Paper short abstract:
This paper explores ethics and consent in the context of a 'critical ethnographic' study of elite philanthropy in Brazil and the UK. It examines the ethics of gaining access to exclusive elite fieldsites, and of consent to the analysis of research data on elite experience gathered in these sites.
Paper long abstract:
This paper explores issues of ethics and consent in ethnographic research among elites, with reference to on-going study on philanthropy in Brazil and the UK. It examines how these issues complicate the objectives of a 'critical ethnography', concerned with the ways in which elite experience and worldviews lead to the design of the 'philanthrocapitalist' project, whose benevolent objectives ultimately serve to conceal the unequal social and economic structures on which elite power, privilege and influence depend.
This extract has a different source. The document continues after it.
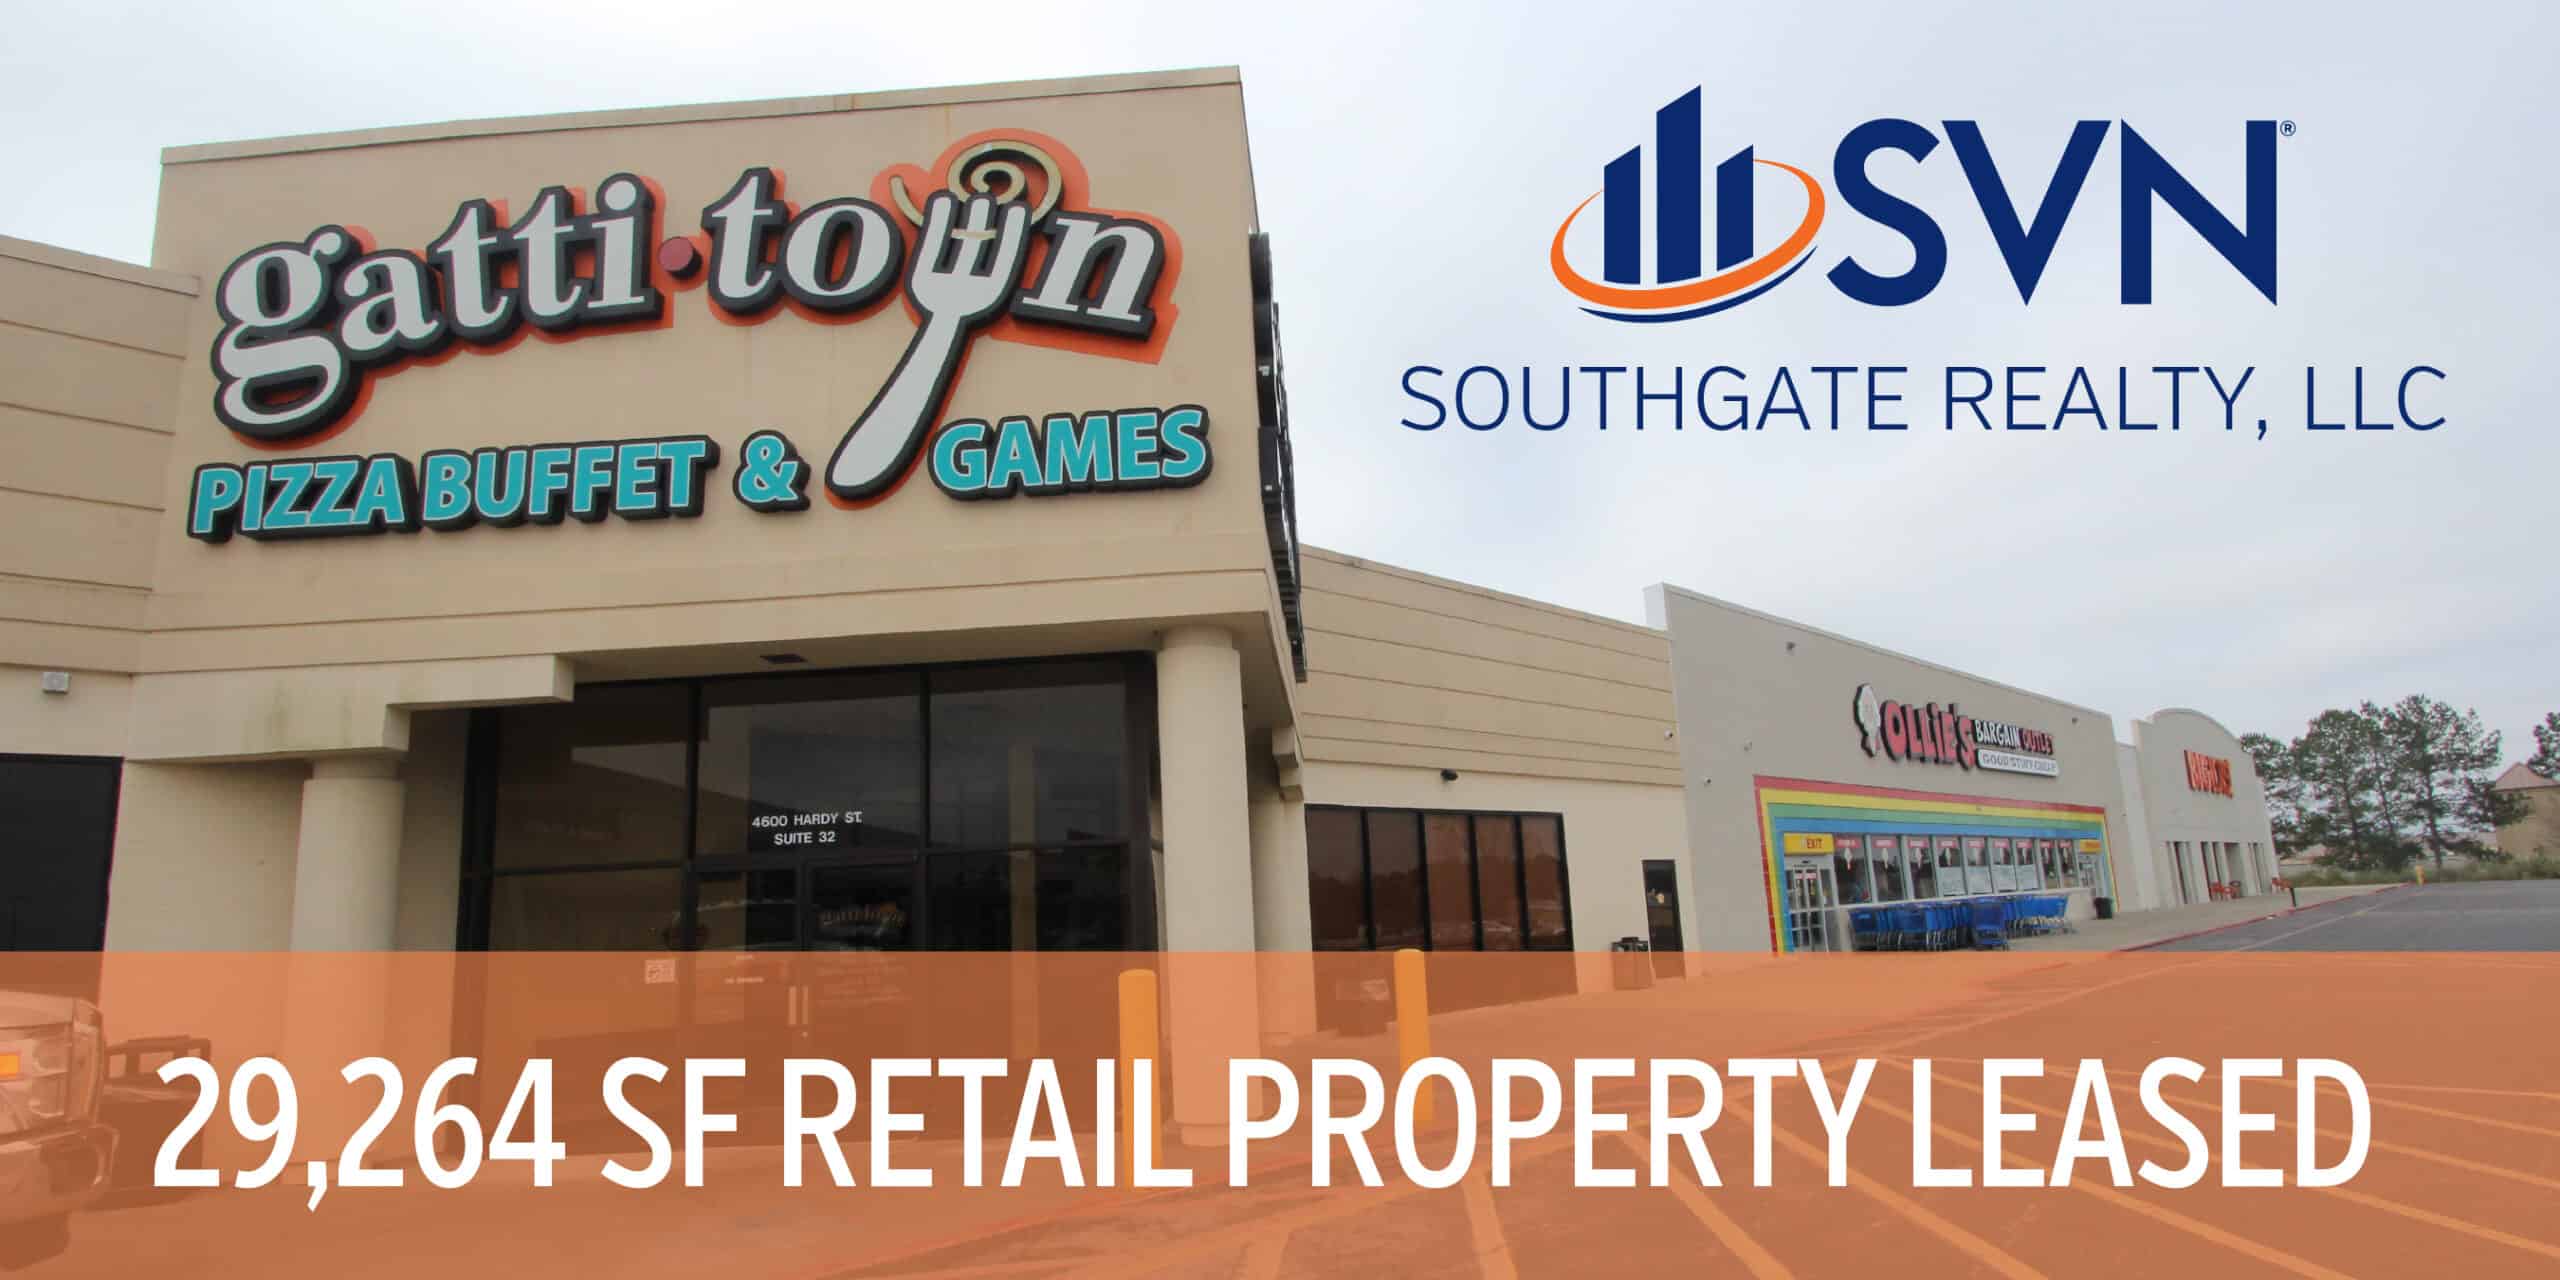 SVN | Southgate Realty, LLC Closes 29K+ SF Lease

The collection of much research material for this study has been dependent on gaining access to exclusive elite spaces, particularly 'donor education' programmes and philanthropic 'learning journeys', where wealthy philanthropists share and discuss their activities amongst elite peers. Entry to these spaces has required the building of close relationships of trust, and has often been dependent on a blurring of my own academic and personal identities. In these spaces, discussion goes beyond the operational aspects of philanthropy, encompassing themes of elite family dynamics, inheritance, family business succession, wealth and money. These themes, and the ways in which they intersect with the design of philanthropic practice, are central to my research. But they are also deeply sensitive, and the obtaining of informed consent to use data gathered on them throws up complex ethical questions. These concerns are further complicated by the growing 'impact agenda' for anthropological research, accompanied - in the case of my project - by emerging interest among research participants on the reflexive possibilities offered by my enquiry into their activities.